Anelka : "J'ai su rebondir

Voir le site Téléfoot

Anelka : 'J'ai su rebondir
Par AFP|Ecrit pour TF1|2009-11-16T07:20:07.000Z, mis à jour 2009-11-16T07:20:07.000Z

Héros de Dublin en marquant le seul but du match (0-1), samedi, Nicolas Anelka savoure son retour en grâce en équipe de France. Mais l'attaquant de Chelsea, qui espère disputer sa première Coupe du monde, ne demande pas de statut particulier. Il revient aussi sur son positionnement en Irlande.

NICOLAS ANELKA, racontez-nous votre but...


N.A. : C'est Yo (Gourcuff) qui me passe la balle, je contrôle, je ne suis pas loin de l'entrée de la surface. Je n'ai pas grand-chose à faire, je décide de tirer. La balle est contrée et elle rentre, tant mieux.

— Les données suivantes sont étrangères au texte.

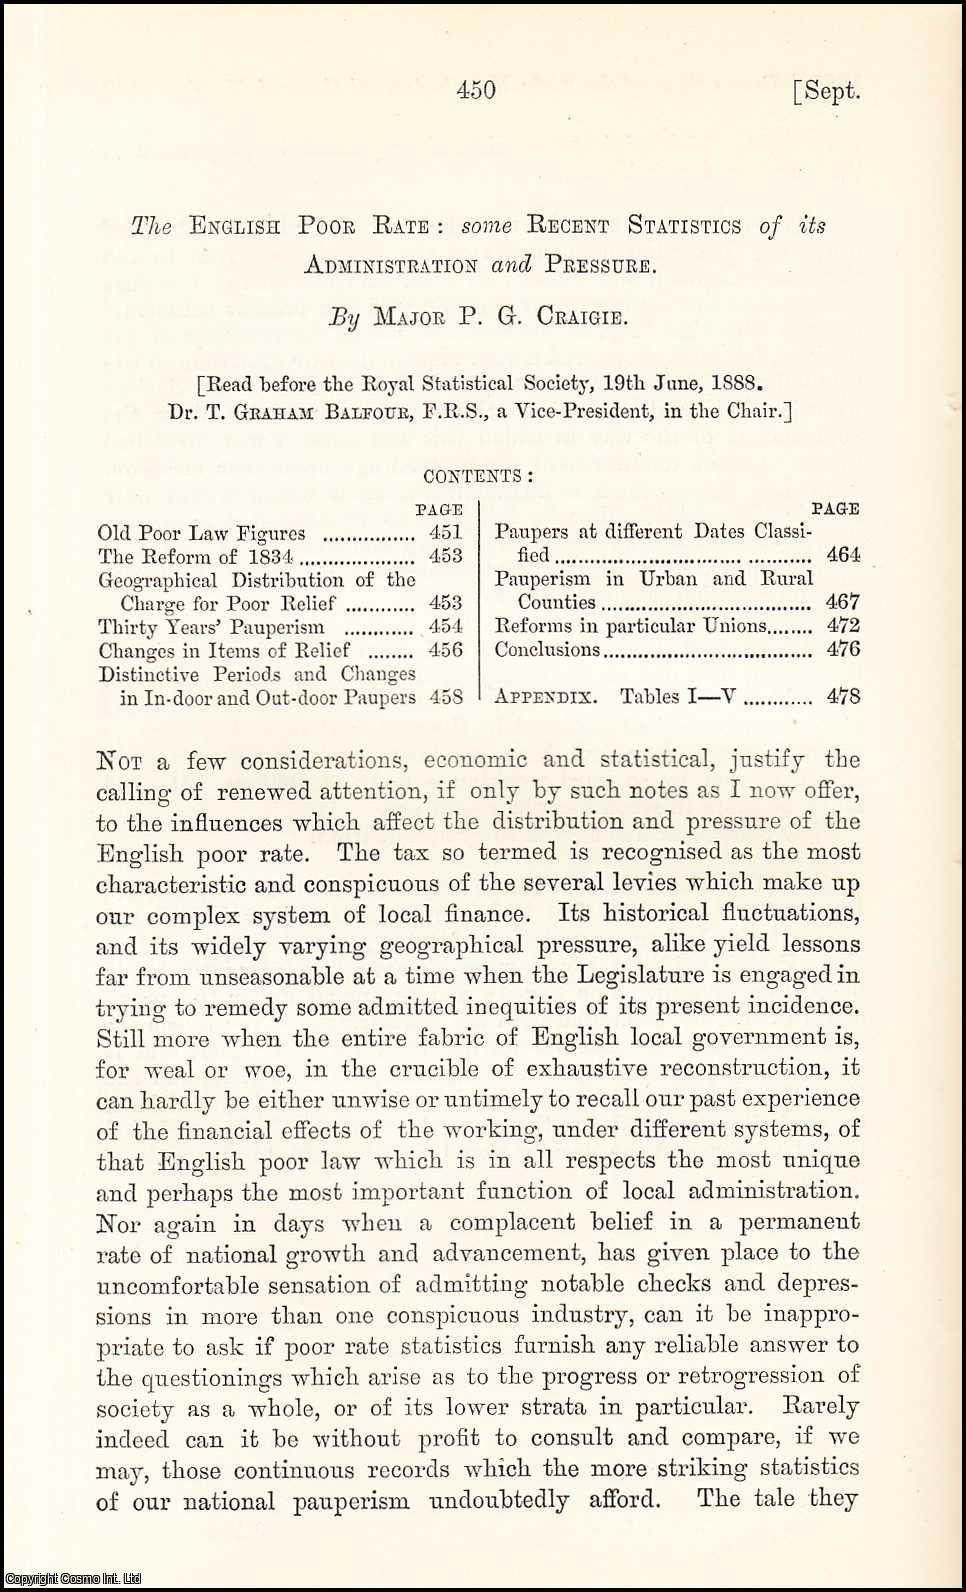 Major P.G. Craigie, F.S.S.., F.R.G.S., Secretary of the Central Chamber of Agriculture. - The English Poor Rate : some Recent Statistics of its Administration & Pressure. An uncommon original article from the Journal of the Royal Statistical Society of London, 1888.

Vous avez alors exprimé une grande joie, ce qui n'est pas votre habitude...


N.A. : C'est un match important ! Je sais que par rapport à mes coéquipiers, c'était une délivrance de marquer ce but à l'extérieur.


Comment décririez-vous votre position sur le terrain ?


N.A. : J'ai joué à droite, et j'ai joué par rapport à ce qui se passait sur le terrain. Thierry (Henry) et moi, on a senti qu'il fallait décrocher pour toucher des ballons. C'était difficile en première mi-temps pour moi de rester en pointe, c'est-à-dire sur le côté à droite. Donc j'étais obligé de revenir vers l'axe, de dézoner pour toucher le ballon et faire des décalages, sinon je ne sers à rien. C'est un minimum d'intelligence sur le terrain: que j'aille à côté de Lassana (Diarra) ou même Titi (Henry), c'est pour essayer de débloquer la situation, parce qu'on n'a pas eu beaucoup d'occasions.


Cela venait de consignes du sélectionneur ?


N.A. : Non, c'est moi. On est sur le terrain, on sait ce qu'on a à faire. Je fais en fonction de ce qui se passe sur le terrain.


Pourquoi les Bleus ont-ils été meilleurs en seconde période ?


N.A. : On ne savait pas très bien comment gérer au début. Ils nous ont pressés, donc on avait des difficultés à développer notre jeu. Mais même si on a mal joué, on n'a pas pris de but. On savait tous qu'on ne faisait pas un match extraordinaire, on s'est parlé à la mi-temps: il fallait qu'on n'ait pas peur de jouer. Le coach nous a dit de nous relâcher et de jouer.


Etiez-vous énervés à la mi-temps ?


N.A. : Non, même si on n'a pas fait une très bonne première mi-temps, on n'a pas pris de but, et il restait 45 minutes pour faire la différence, et on l'a faite.


A quoi vous attendez-vous mercredi ?


N.A. : Ce sera un match spécial aussi, parce qu'on ne sait pas trop ce qu'on doit faire... si on doit attaquer ou gérer le score... Mais je pense qu'on va jouer pour la gagne, comme ça on ne se mettra pas en danger.


C'est tout de même bien engagé pour vous...


N.A. : Même s'il n'y a pas un grand pourcentage favorable pour l'Irlande, il y a des scénarios qui peuvent changer en moins de cinq minutes. Tout peut arriver dans le football. Il ne faut pas s'enflammer, on sera content quand on sera qualifié pour la Coupe du monde.


Après avoir raté trois Coupes du monde, celle-ci vous tient particulièrement à coeur ?


N.A. : J'ai envie de la faire comme tout le monde. Ce n'est pas parce que j'en ai loupé que je me défonce plus que les autres. Même si j'en avais déjà fait une, je me défoncerais de la même façon. Les Coupes du monde manquées, ça fait partie de la vie d'un footballeur. J'ai su passer à autre chose et rebondir en club. Si j'avais pensé à tout ce que j'ai loupé, je ne serais pas là.


La Coupe du monde, est-ce un rêve pour vous ?


N.A. : Non. C'est un grand tournoi. C'est toujours bien d'en jouer une, mais ça reste un tournoi.




Vous êtes désormais considéré comme un cadre de l'équipe...


N.A. : Je n'essaie pas d'être un cadre, je suis moi, comme d'hab', mais par mon expérience et mon nombre d'années en équipe de France, j'accepte. Les joueurs savent qu'ils peuvent avoir confiance en moi et me parler.




C'est agréable d'être consulté, notamment par les jeunes ?


N.A. : Ils ne me consultent pas, ils parlent avec moi. Je ne suis pas de la même génération mais j'ai la même mentalité qu'eux.